Warm up: Mark-recapture method You are trying to determine the number of individual seagulls in a population at Oceanside Harbor. You initially capture 25 seagulls and tag their feet with a non- invasive bracelet. 1 week later, you capture a new batch of seagulls. Of the 50 that you captured on this second outing, 10 of them were marked with your bracelet. Estimate the population size of the seagulls at Oceanside Harbor. N = (MC)/R N = [(25)(50)]/10 N = 125 seagulls

What you need to know! The differences between exponential and logistic models of population growth How density-dependent and density-independent factors can control population growth

Population Growth The rate at which a population increases or decreases G = growth rate of a population (# of individuals added per unit time) N = population size (at a given time) r = intrinsic rate of increase (maximum capacity of members of that population to reproduce) The average contribution of each individual to population growth r = (births – deaths)/N in a time period K = carrying capacity (maximum population size an environment can support)

Practice A pod of dolphins has 100 members. In a single reproductive cycle there are 50 births and 30 deaths. What is the net increase per individual (r) in one reproductive cycle?

Exponential Growth Model Rate of population growth under ideal conditions The whole population is reproducing in each time interval G = rN

Logistic Growth Model Populations cannot increase indefinitely Limiting factors will restrict population growth Carrying capacity is the maximum population size an environment can support G = rN[(K-N)/K]

Practice If a pod of dolphins has 150 members (N) and an intrinsic rate of increase of .2 (r), then what is the growth rate (G) in ideal conditions (G = rN) in a single reproductive cycle?

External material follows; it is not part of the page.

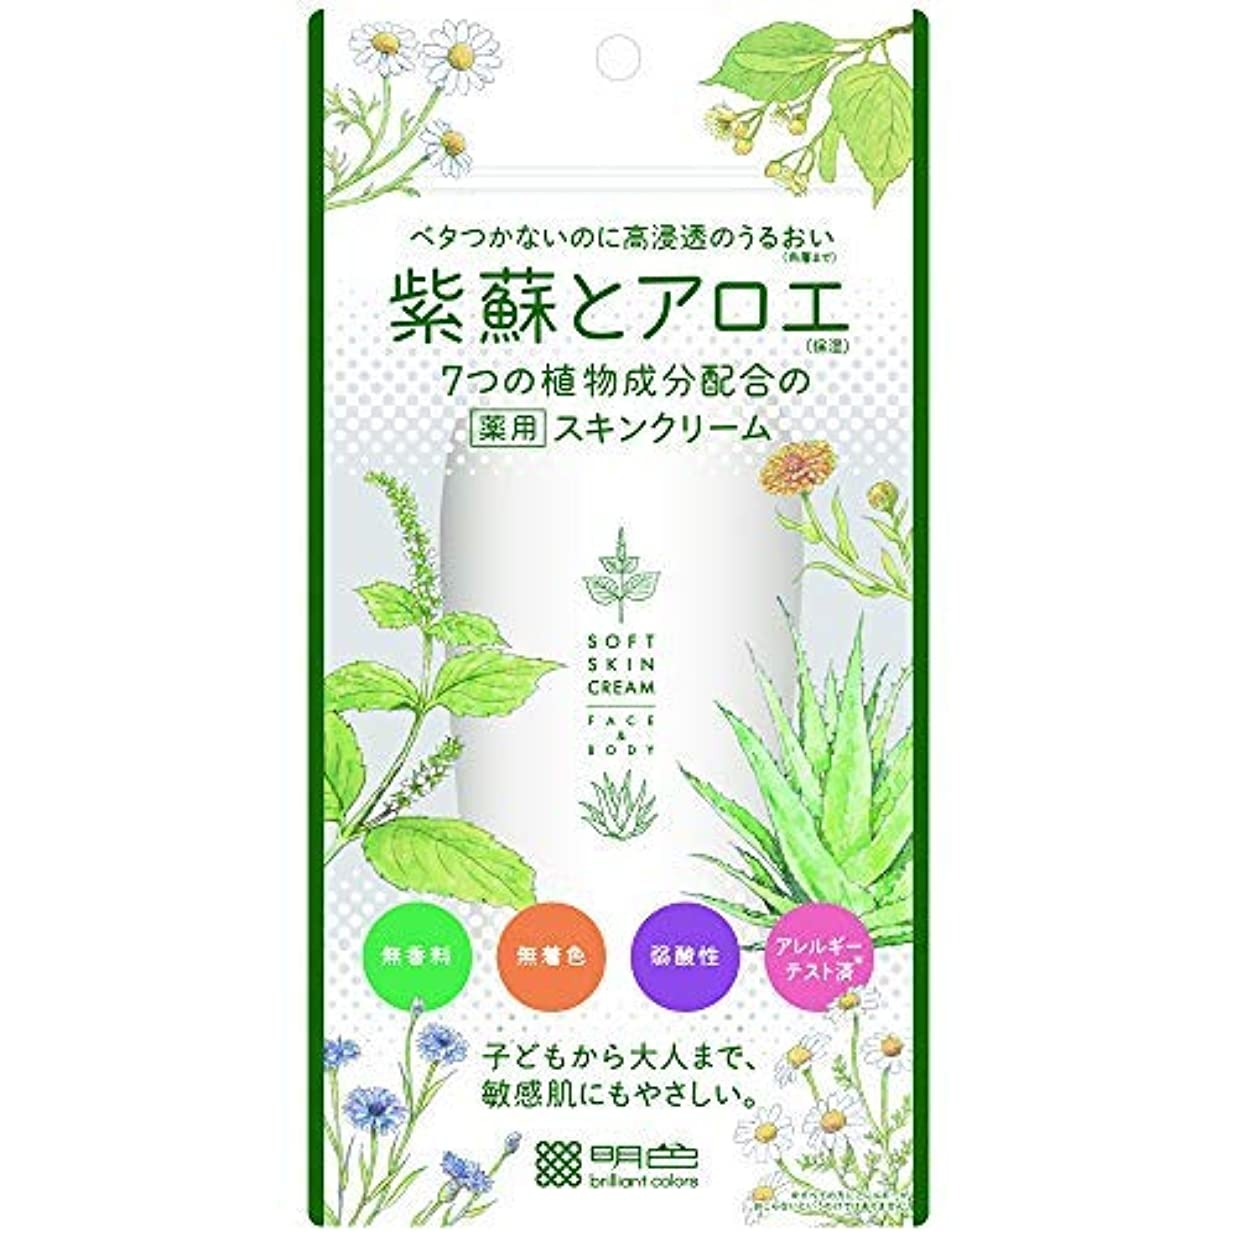 首ローラー病的紫蘇とアロエ 薬用スキンクリーム × 12個セット

If that same pod of dolphins is in an environment that can only support 200 dolphins (K), then what is G in a single reproductive cycle?

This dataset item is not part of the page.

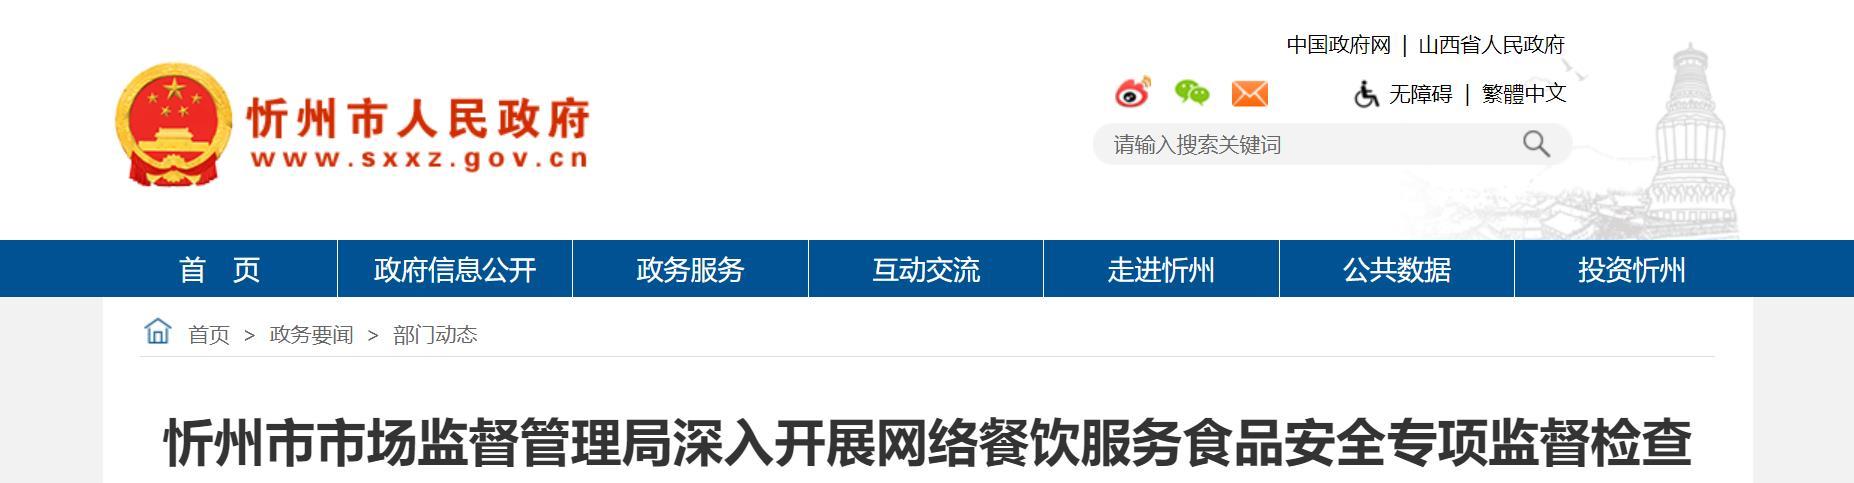 忻州市市场监督管理局深入开展网络餐饮服务食品安全专项监督检查

Limiting Factors Anything that reduces population growth Density-dependent factors apply as populations increase in size: Competition: food, water, territory, etc. Health (disease, waste) Physiological factors: stress triggered transformations Density-independent (abiotic) factors apply to all populations, regardless of size Weather Climate change Natural disasters

Boom-and-Bust Some species have very specific patterns of growth followed by rapid decline Lemmings and Snowshoe hare both exhibit this pattern Several hypothesis exist for why the populations bust, but no one knows for certain Lynx hunt Snowshoe hare almost exclusively and show the same boom-and-bust pattern Predator prey interdependence

Additional Population Growth Problems The population of a colony of bacteria is 500. If there are no limiting factors on the population growth and the intrinsic rate of increase is 0.4, what is the growth rate (G) in a single reproductive cycle? Which growth model does this population fall under? The population of deer in a forest is 300. If the carrying capacity of the forest is 325 and the intrinsic rate of increase is .2, what is the growth rate (G) in a single reproductive cycle? Which growth model does this population fall under?